+++ RECORDS SHOWN

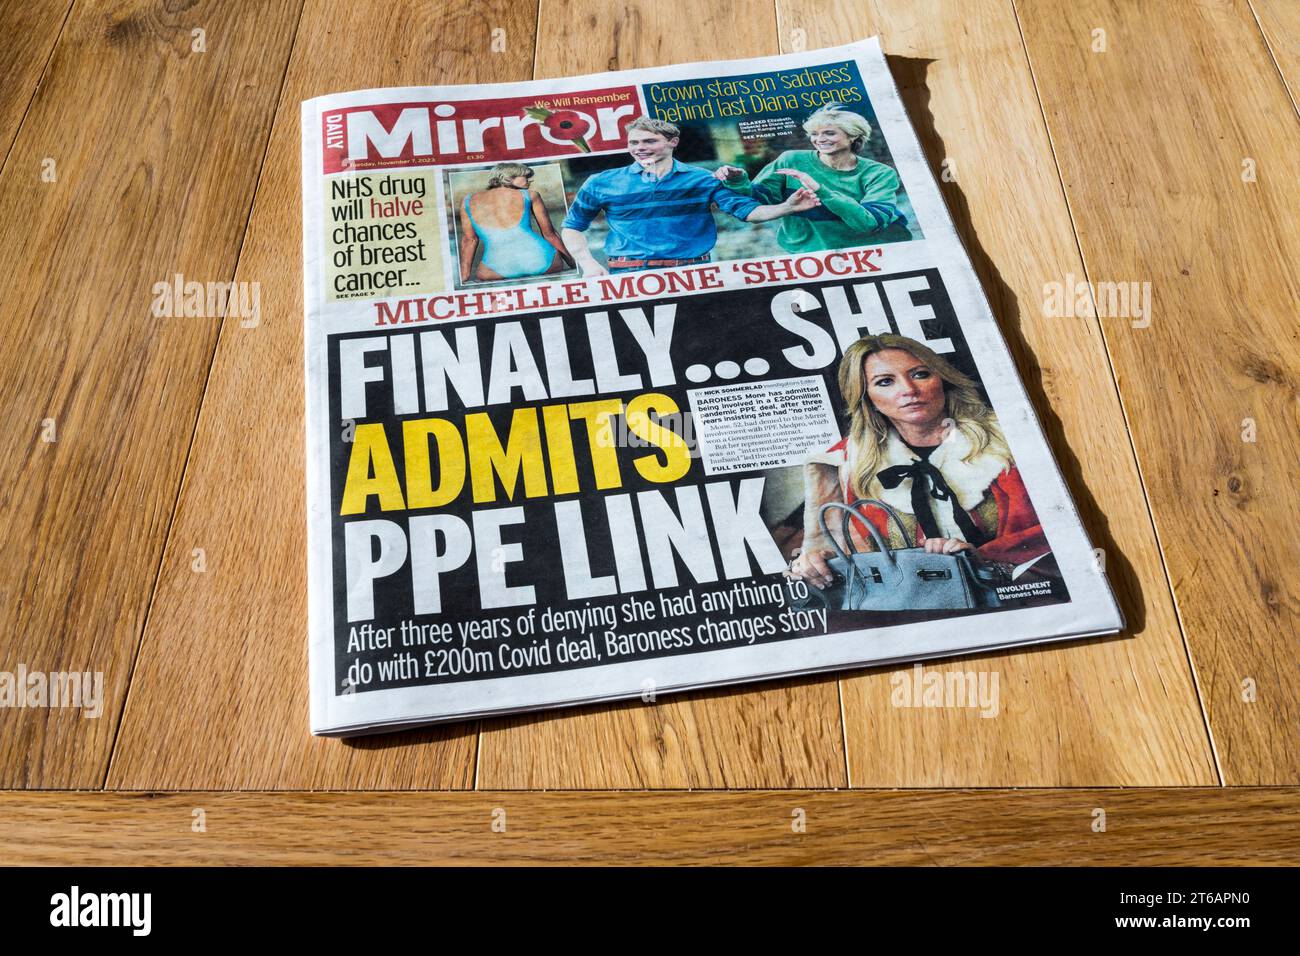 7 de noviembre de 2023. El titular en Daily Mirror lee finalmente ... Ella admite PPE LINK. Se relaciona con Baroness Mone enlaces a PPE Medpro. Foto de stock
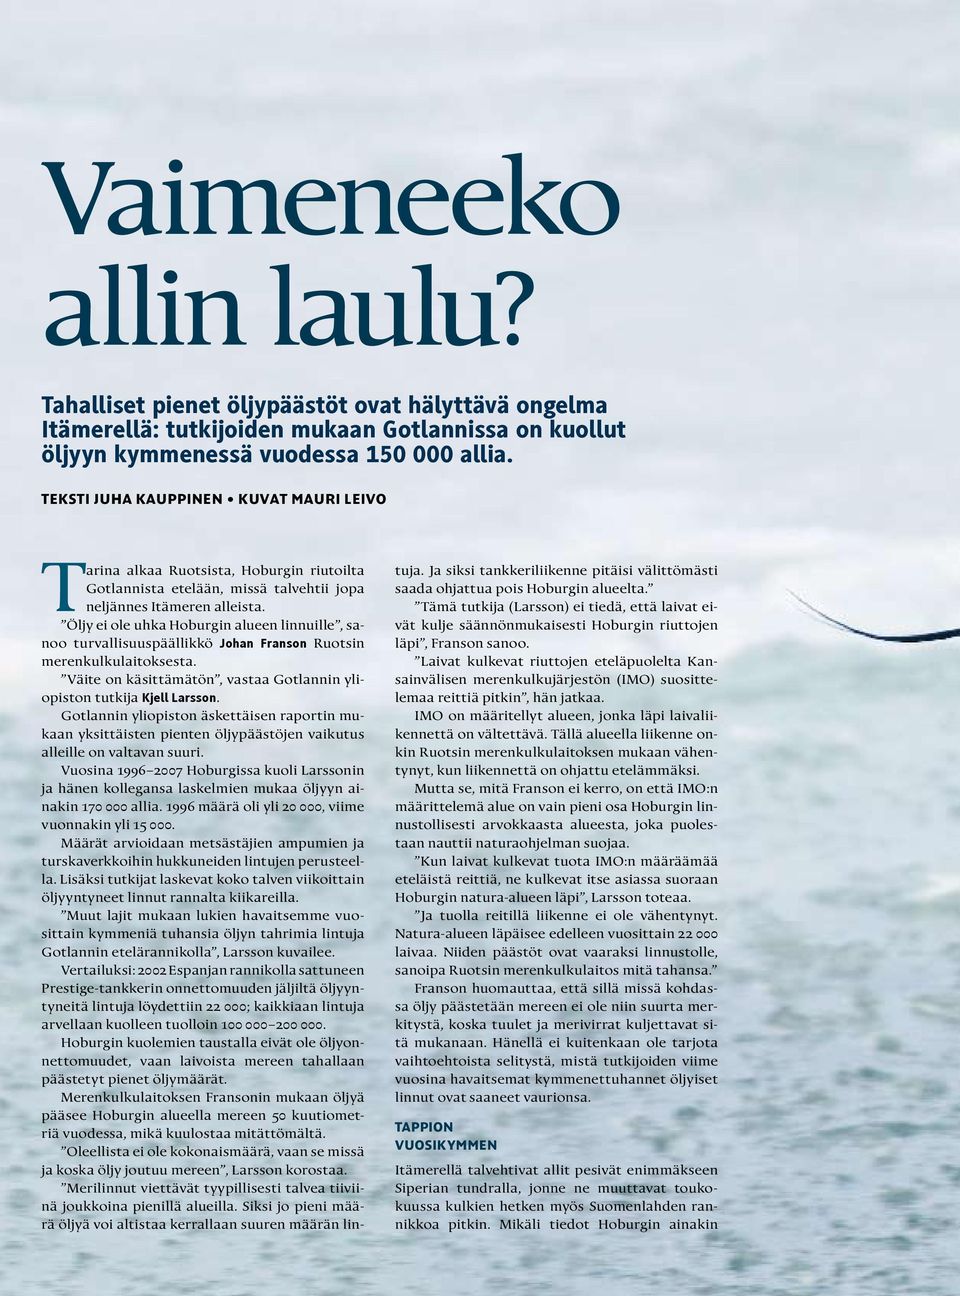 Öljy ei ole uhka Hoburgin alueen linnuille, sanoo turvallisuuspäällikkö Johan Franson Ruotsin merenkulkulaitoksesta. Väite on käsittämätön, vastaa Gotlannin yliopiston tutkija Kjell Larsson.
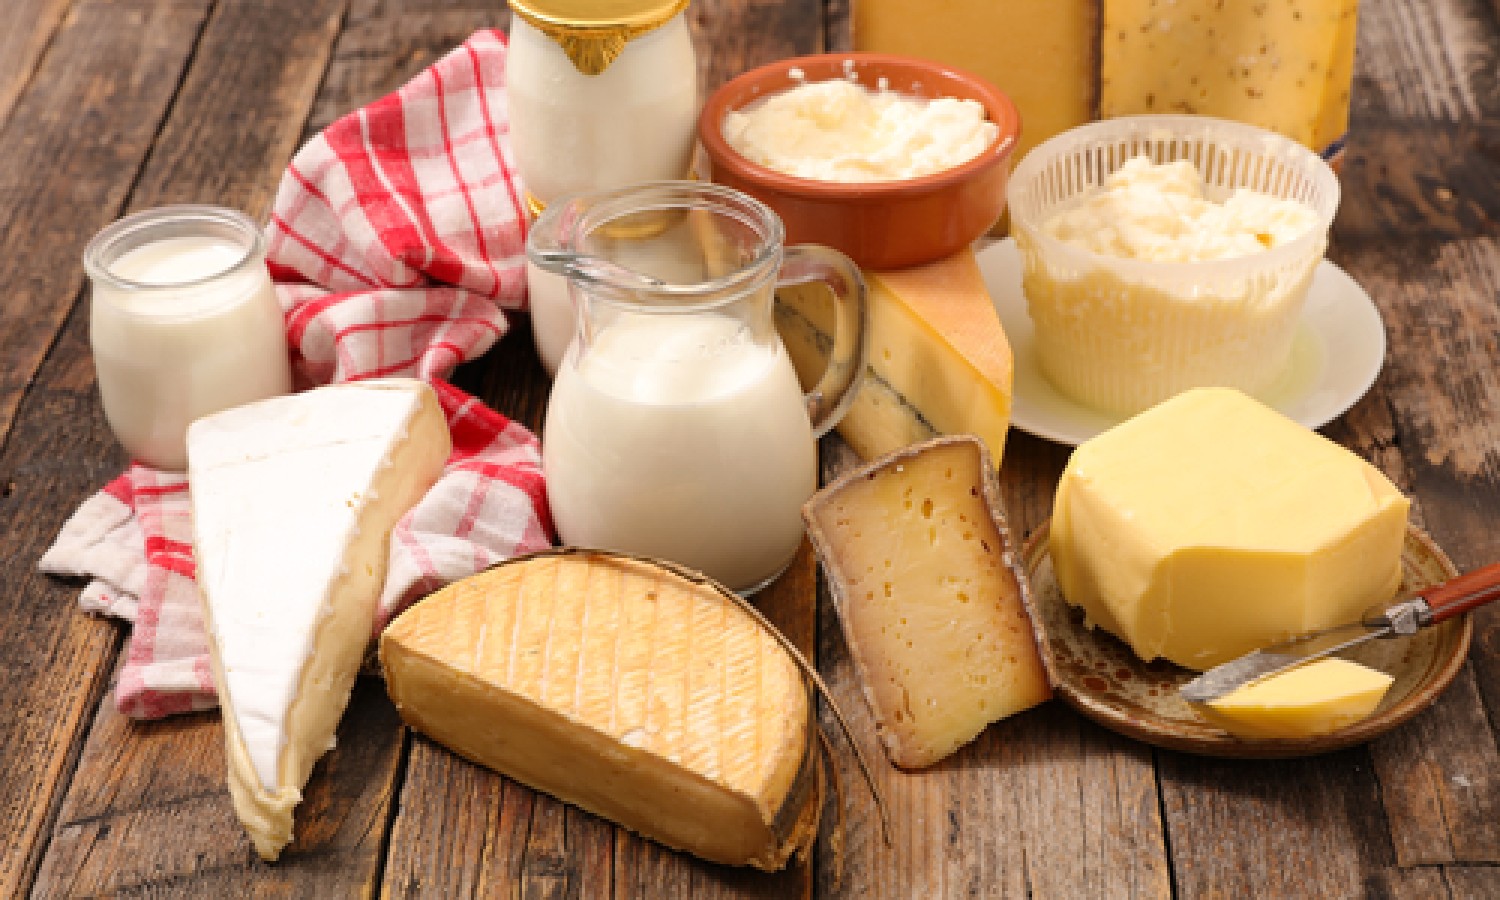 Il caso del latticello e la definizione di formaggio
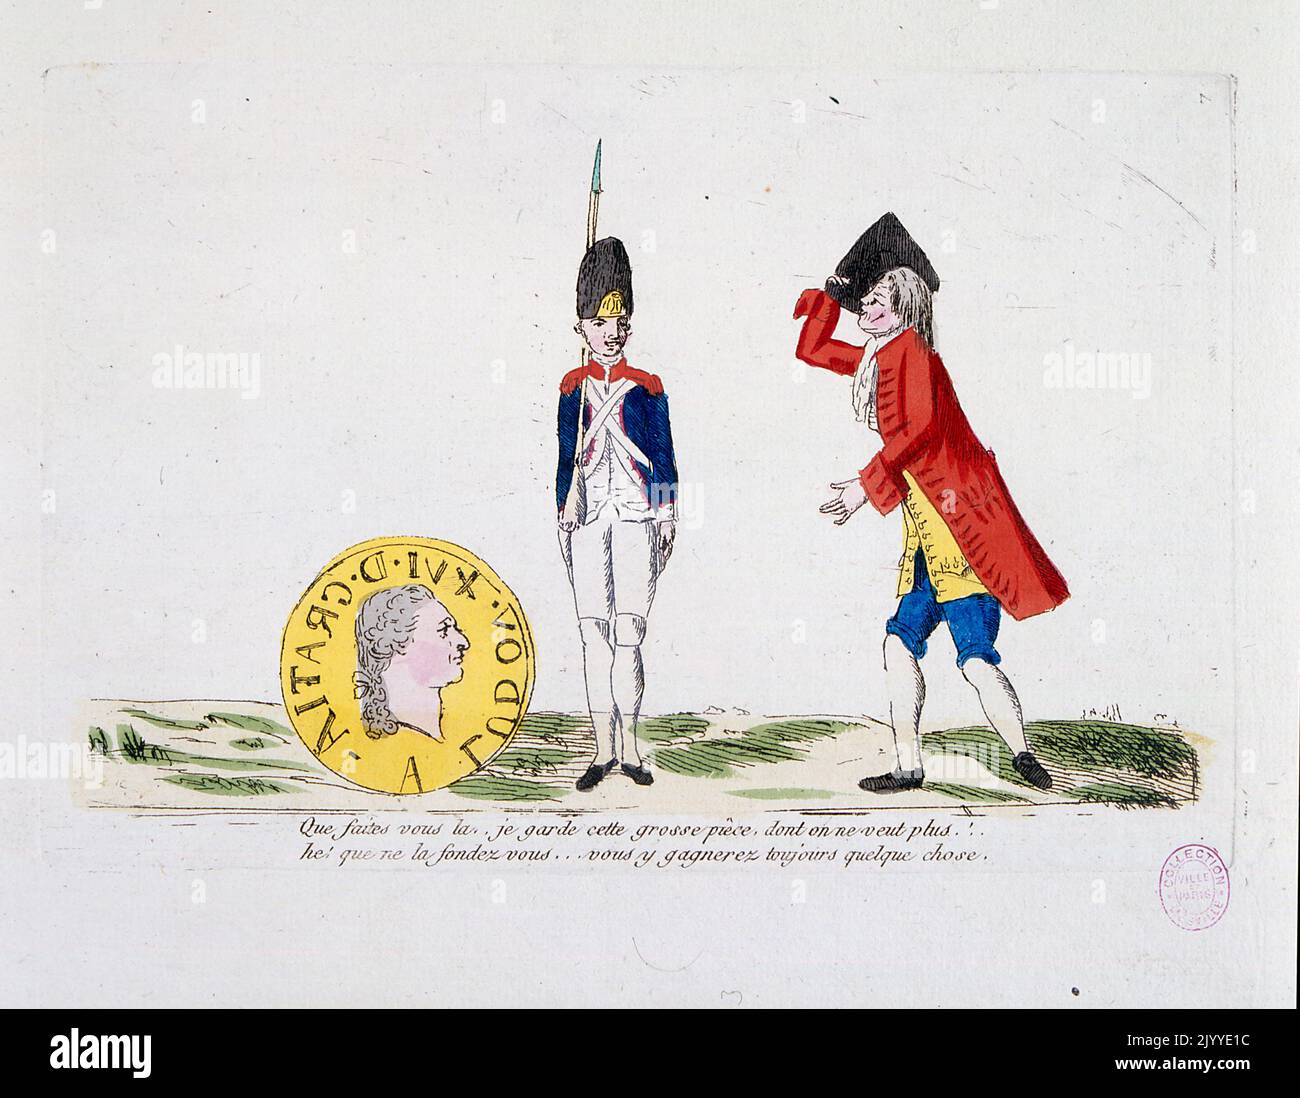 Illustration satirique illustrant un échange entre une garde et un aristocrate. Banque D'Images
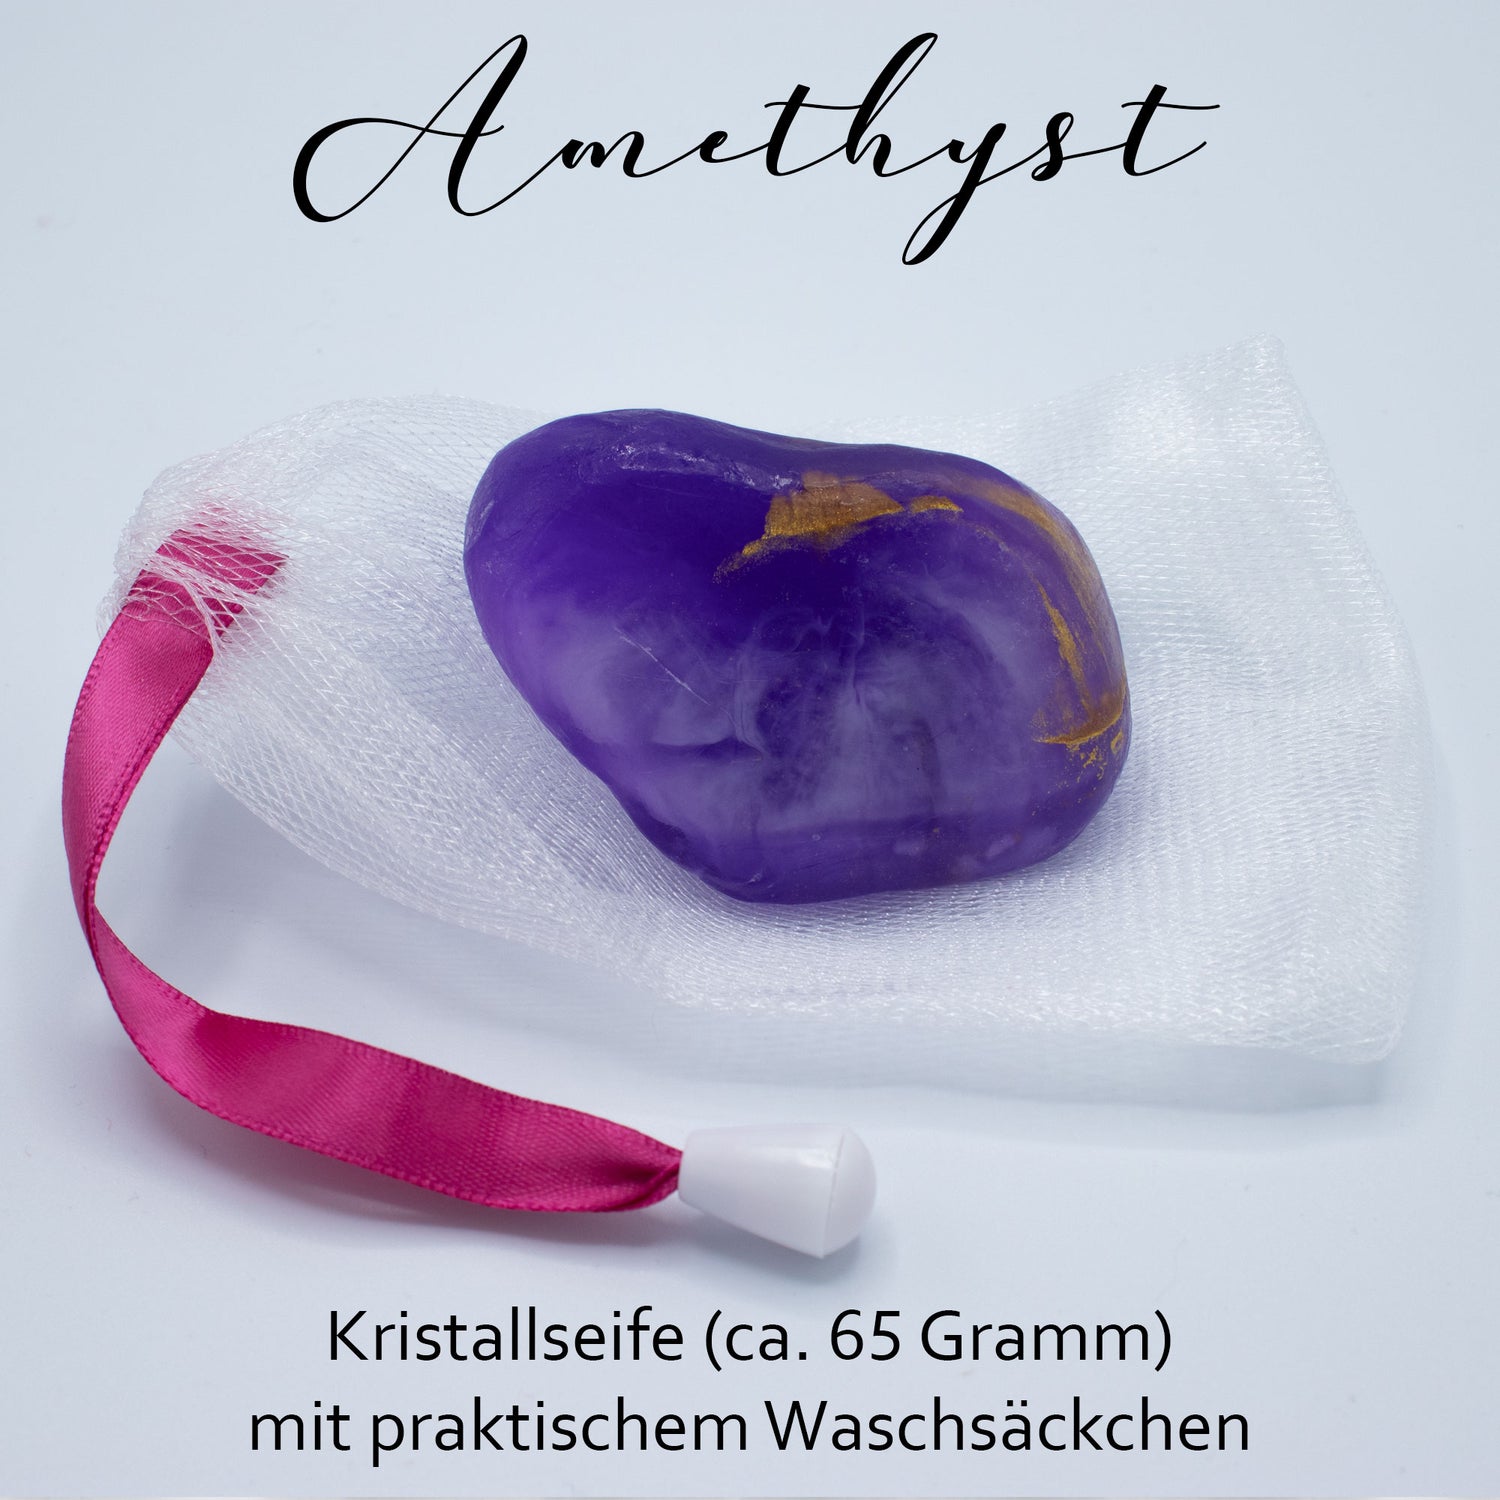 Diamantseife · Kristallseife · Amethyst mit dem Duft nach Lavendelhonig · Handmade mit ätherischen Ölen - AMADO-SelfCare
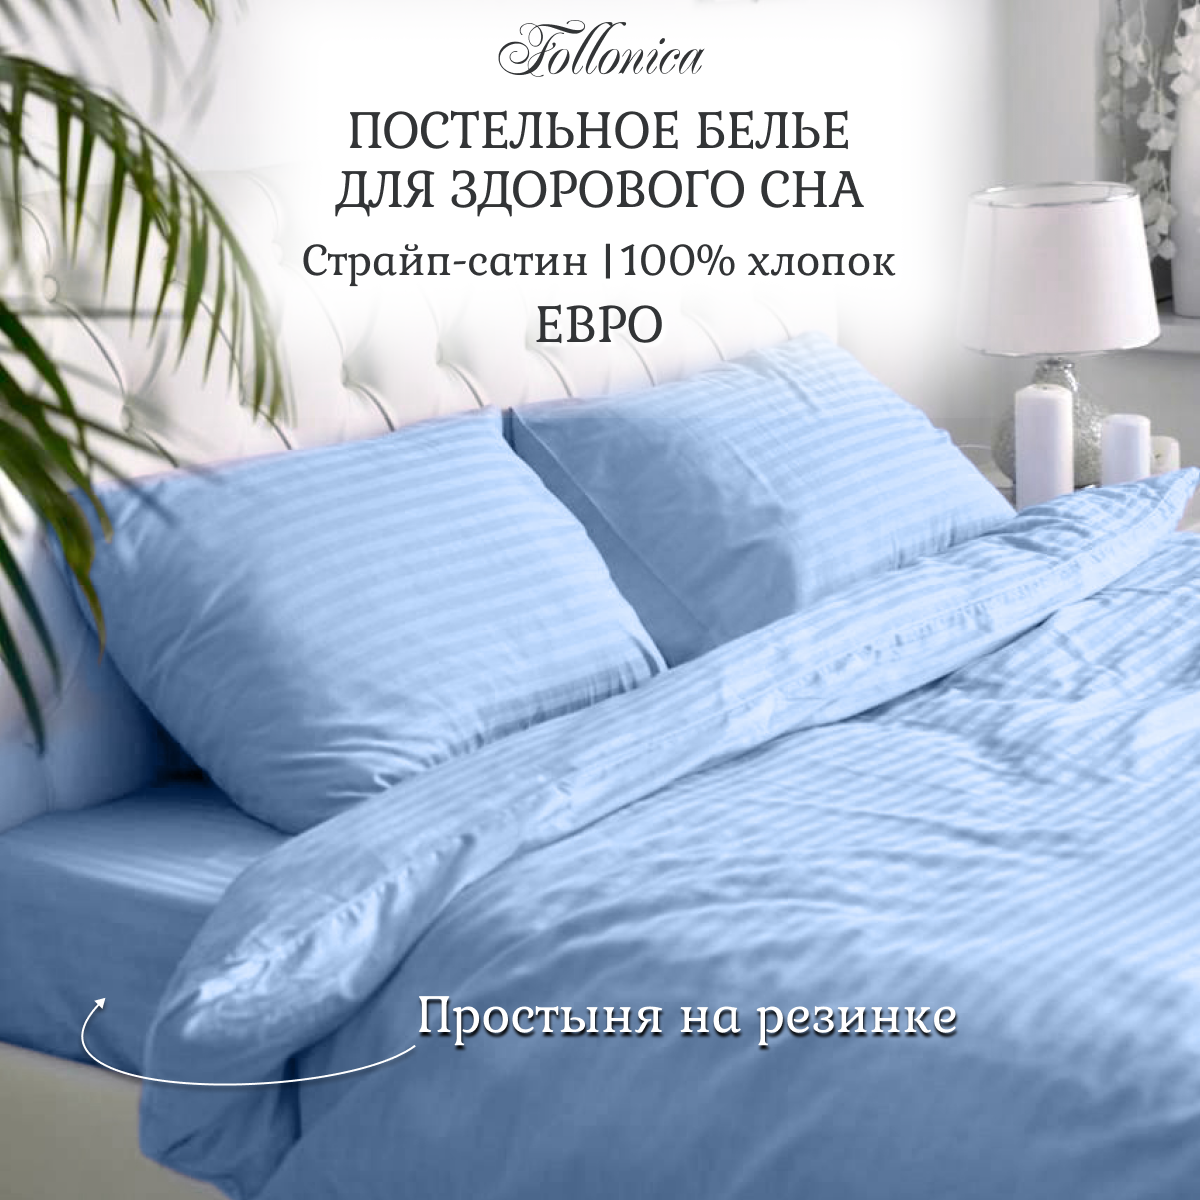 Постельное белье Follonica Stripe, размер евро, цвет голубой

++++++

ABOUT THIS EXERCISE - Quote precisely the lines of the data from the line containing "Diamantseife · Kristallseife" through its final line, both included, excluding pictures.

ANSWER SECTION -
 Diamantseife · Kristallseife · Amethyst mit dem Duft nach Lavendelhonig · Handmade mit ätherischen Ölen - AMADO-SelfCare
 Постельное белье Follonica Stripe, размер евро, цвет голубой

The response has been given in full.